La Comisión sabe que no es posible esperar que China, la India o Brasil lleguen a un acuerdo que no incluya ayudas financieras a los países pobres. Por eso propone aportar 15.000 de esos 100.000 millones que calcula el Banco Mundial, mientras que el Parlamento Europeo acaba de votar la petición de al menos 30.000 millones para que el compromiso europeo esté a la altura del liderazgo que queremos ejercer en materia de cambio climático. Tendrá que ser el Consejo Europeo en su reunión de esta semana el que encuentre un compromiso, pero el tiempo apremia y la posición europea se debilita, mientras otros interrogantes aparecen en el horizonte amenazando el resultado de Copenhague.
El primero es la posibilidad, avanzada por climatólogos como los de la Universidad de Kiel, de que el calentamiento marque una pausa y que las temperaturas disminuyan durante 10 o 20 años. Una perspectiva menos preocupante puede ser una excusa para dejar para más tarde las necesarias, y dolorosas, adaptaciones a un problema de fondo que subsistirá mas allá de las modulaciones coyunturales.

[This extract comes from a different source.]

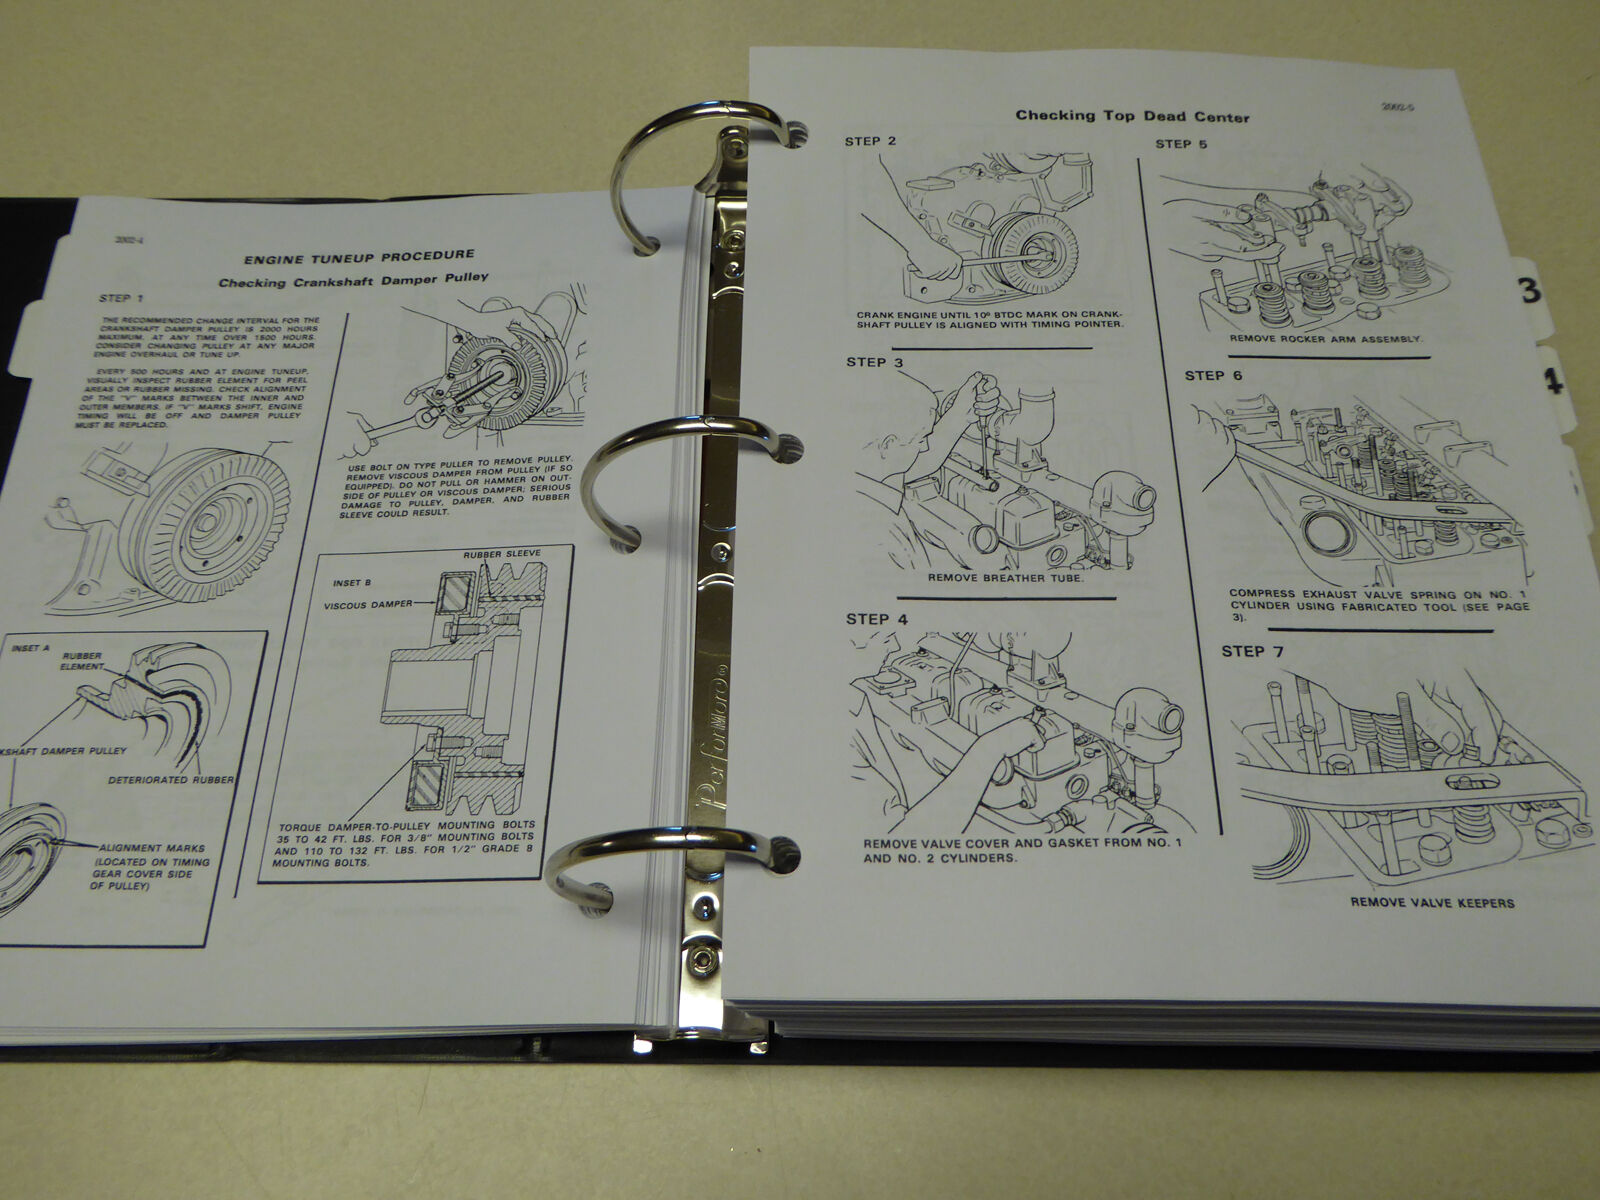 3 of 12 Case 850B Crawler Dozer Bulldozer Service Manual Repair Shop Book  NEW w/Binder 4 of 12 Case 850B Crawler Dozer Bulldozer Service Manual ...

El segundo es la emergencia cada vez con más fuerza de la idea de un impuesto-carbono en las fronteras de la UE que grave las importaciones de productos en función del carbono que se haya generado en su producción. Una forma de evitar la competencia desleal entre países, según unos, o una forma de proteccionismo verde, según otros.Por el bien de todos, deseemos que Barcelona inspire a los que discutirán estas espinosas cuestiones.
Josep Borrell, ex presidente de la Comisión de Desarrollo del Parlamento Europeo.